By Jeff Kissel
Yankee. The word can have a wide variety of meanings. Some may associate it with a cheesy patriotic tune, others may think of men wearing pinstripes running around a baseball diamond, but to certain people in the South it can be representative of something evil – a Northern interloper who looks down on their cultural heritage, however morally decrepit it may be. The Civil War was fought over 150 years ago, but old habits can die hard – particularly in Mississippi, the heart of the Deep South. Whether besieging the city of Vicksburg or simply wintering near the lovely beaches of the Gulf Coast as my family and I did, Yankees are most definitely seen as outsiders in the Magnolia State.
I’m not sure being from Missouri qualifies one to be a Yankee in the eyes of a Southerner. After all, my fair state did formally secede from the Union during the war. That said, Missouri politics back then were dominated by those of St. Louis – the eighth-largest city in the country in 1860, chock full of anti-slavery German and Irish immigrants. The city’s influence helped our state legislature overthrow the secession-leaning governor midway through 1861 thus the “formal” secession that took place was done by a government in exile. Therefore as someone who considers himself a St. Louisan before a Missourian, I will accept my role as a Northern aggressor.

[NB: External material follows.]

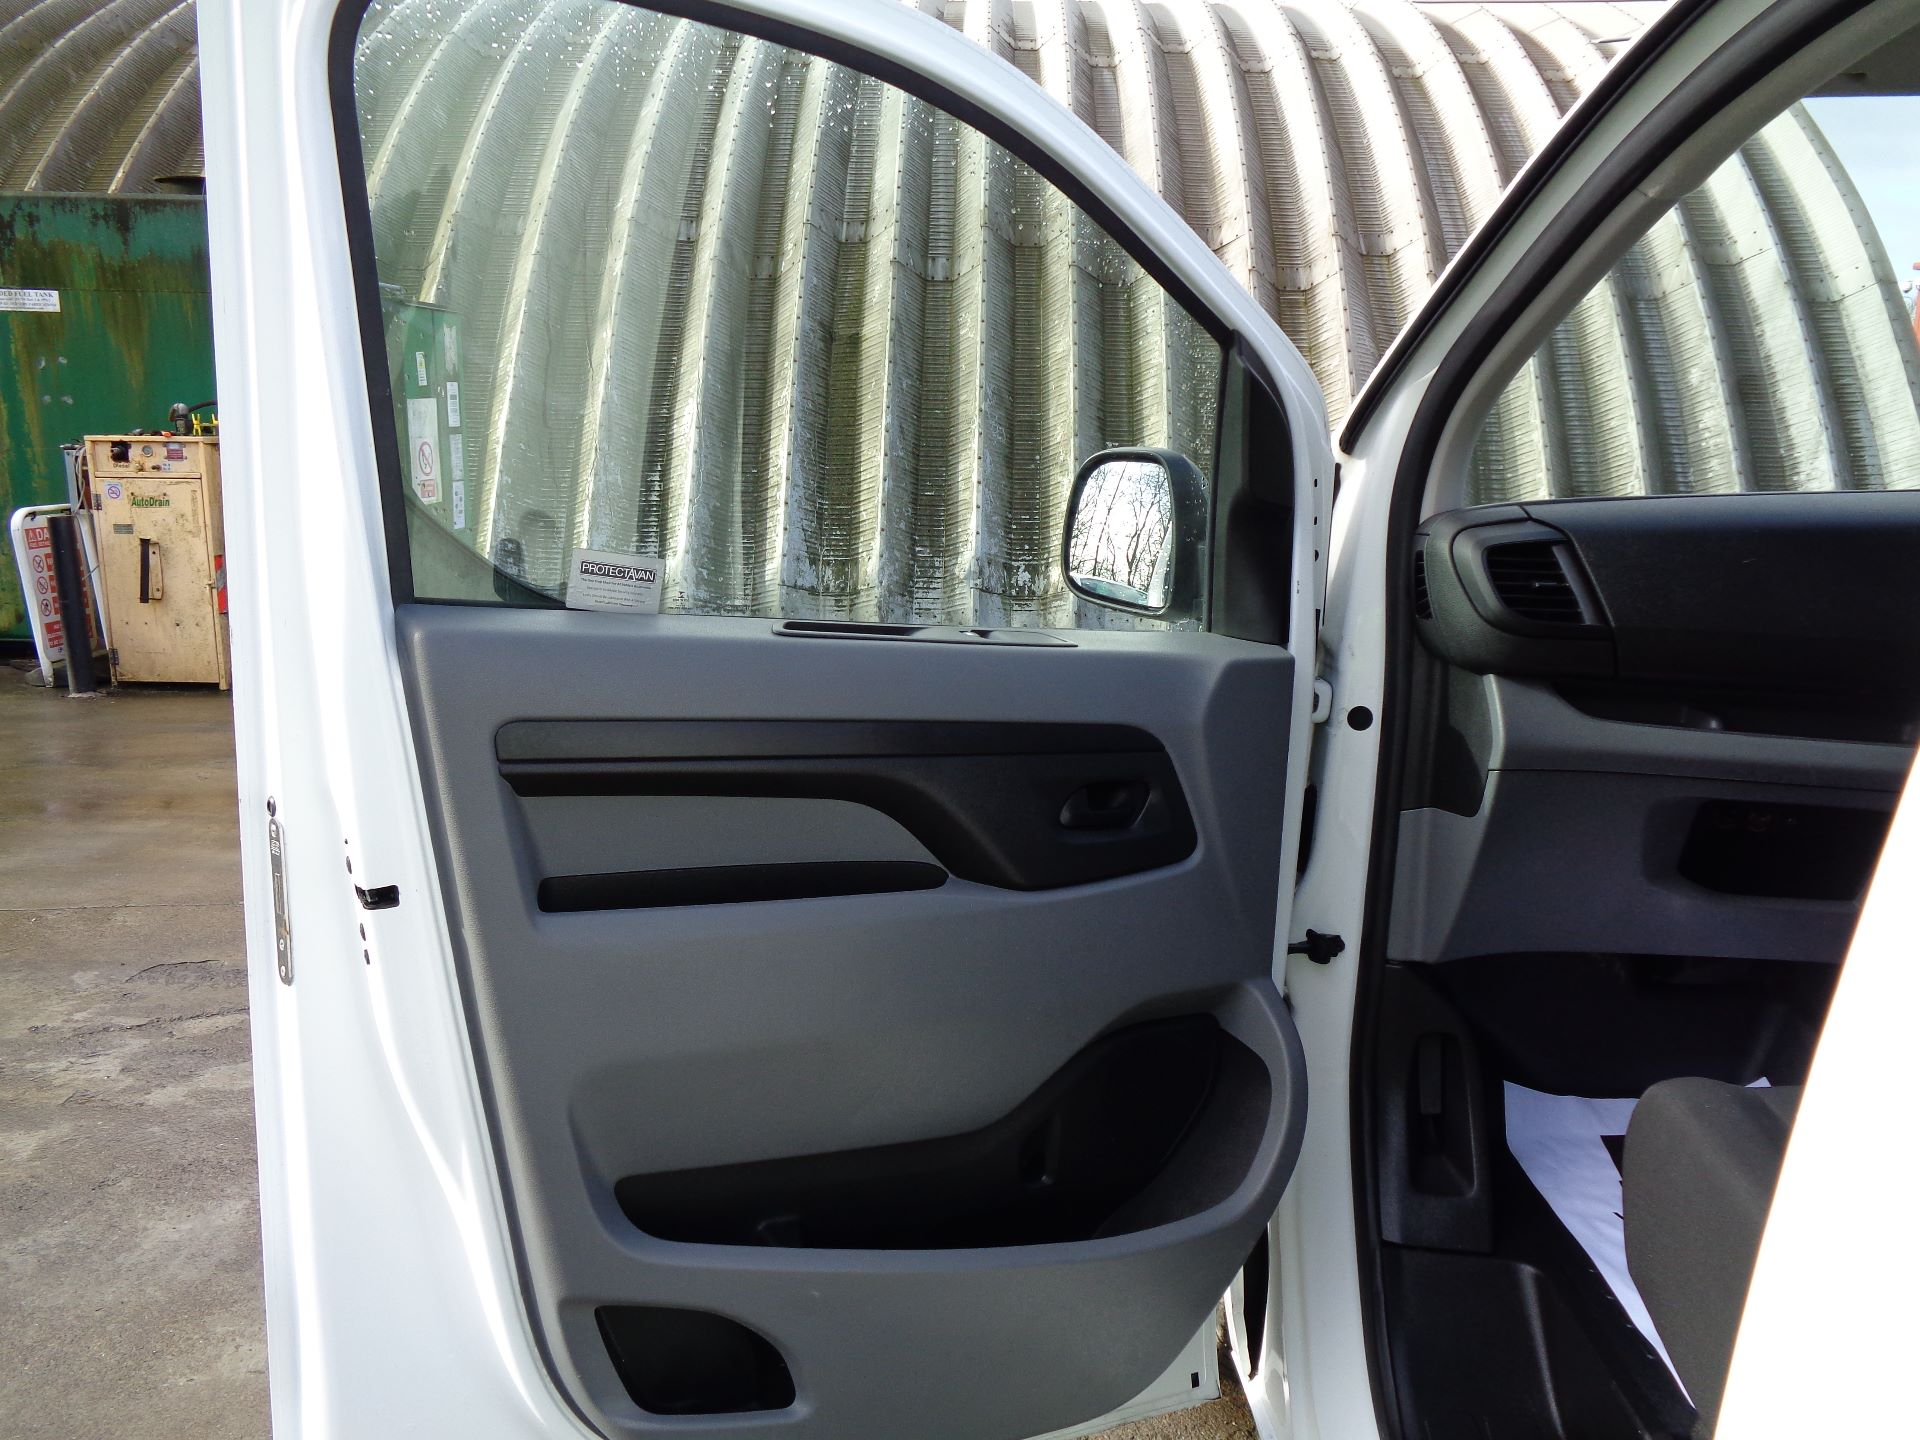 2017 Peugeot Expert  STANDARD 1000 1.6 BLUEHDI 95 S EURO 6 (NU17VPR) Image 14

Unlike my forebears, however, I did not choose to march south seeking to reconquer a rogue state – it was simply for warmth. I’ve never been a fan of winter for obvious golf-related reasons, but during a pandemic where I’m homebound, I want no part of the cold. In the Midwest, February is truly the worst month; the joy of the winter holidays and the promise of the early new year are long gone, and the cold grips the land. Even the most stifling places in summer – the river valleys – typically fall under a deep freeze at some point before the calendar turns to March. Golf can be only played with dedication, and layers, on the days when courses are open. Family activities are typically confined to indoor spaces – and with an energetic toddler, as well as an infant, in our household, that just wouldn’t do during the Winter of COVID. With my work temporarily transitioned to full-time remote status, and two kids not yet in school, we needed – and thankfully had an excellent opportunity – to get out of Dodge.

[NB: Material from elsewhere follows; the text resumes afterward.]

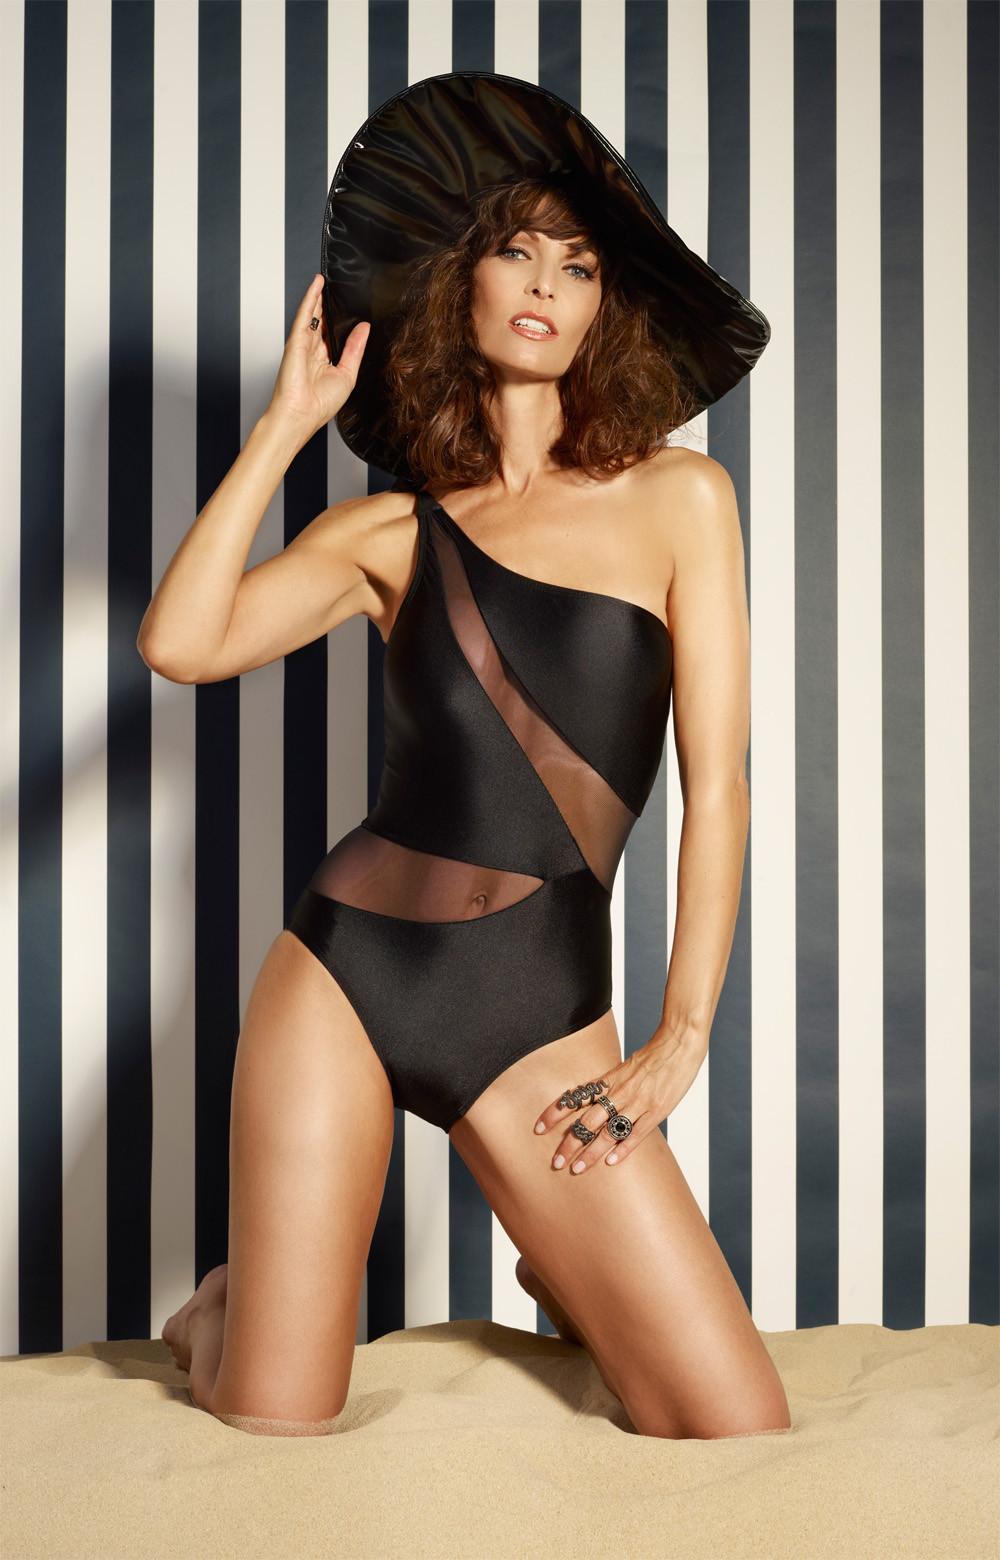 Damen Bademode - Badeanzug Swimsuit black - S1234

Why Mississippi, you might ask? Well, where else could we go that found such a precise balance between warm enough, close enough, and reasonably priced enough for an extended stay? The Gulf Coast checked all those boxes, and for a family of explorers it offered a bonus: it was a place none of us had ever been. After an extensive search on various vacation rental sites, we settled on a nice little house a couple of blocks from the beach in Gulfport. As we learned, planning for a five-week trip, especially one during which remote work is being done, is quite different than doing so for a one- or two-week trip. It took a particularly thorough bit of inventory management to determine which things we would truly need versus the ones we could do without. As we moved further into January and the St. Louis weather took a turn, our anticipation grew. So when the day came, we excitedly packed very tightly into our midsize SUV, and like noted St. Louis area homesteader Ulysses Grant in 1862, headed south.

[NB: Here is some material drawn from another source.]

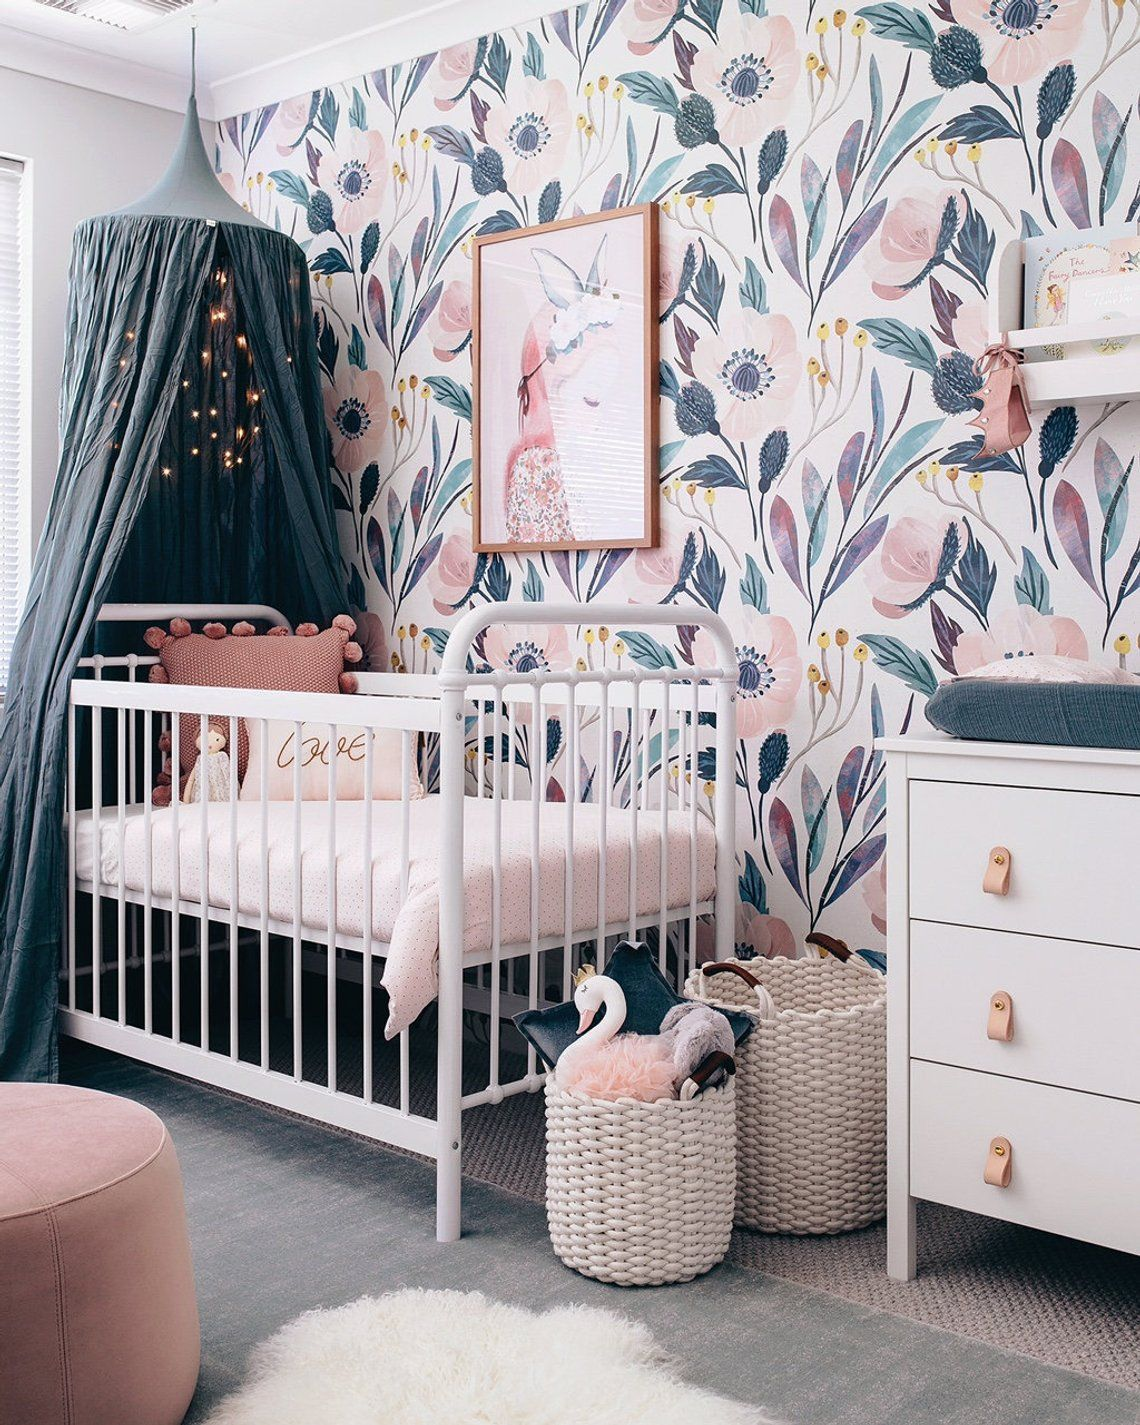 Removable Wallpaper Nursery Wall Decor Nursery Wallpaper

During the five weeks we were in Mississippi, I played, by my meager employed father-of-two-young-children standards, a lot of golf. Wanting to experience a fair bit of variety, I chose not to play any course more than once; however, in some ways I felt as though I did see a few repeats. There was a definite sameness about many of the middle-tier courses nearest the coast as the terrain is not particularly varied; it all came down to interesting routing, greens, and surrounds to distinguish one layout from another. Some courses achieved those noble goals, while others did not. The Preserve had the best set of greens, Shell Landing was the prettiest, Grand Bear was the hilliest and featured a cool riverside hole or two, and The Oaks was the one on which I probably shouldn’t have played the extremely flat back nine the day after a heavy rain. Three courses in particular stood out the most on the trip, however, and thus those three will get the most focus here.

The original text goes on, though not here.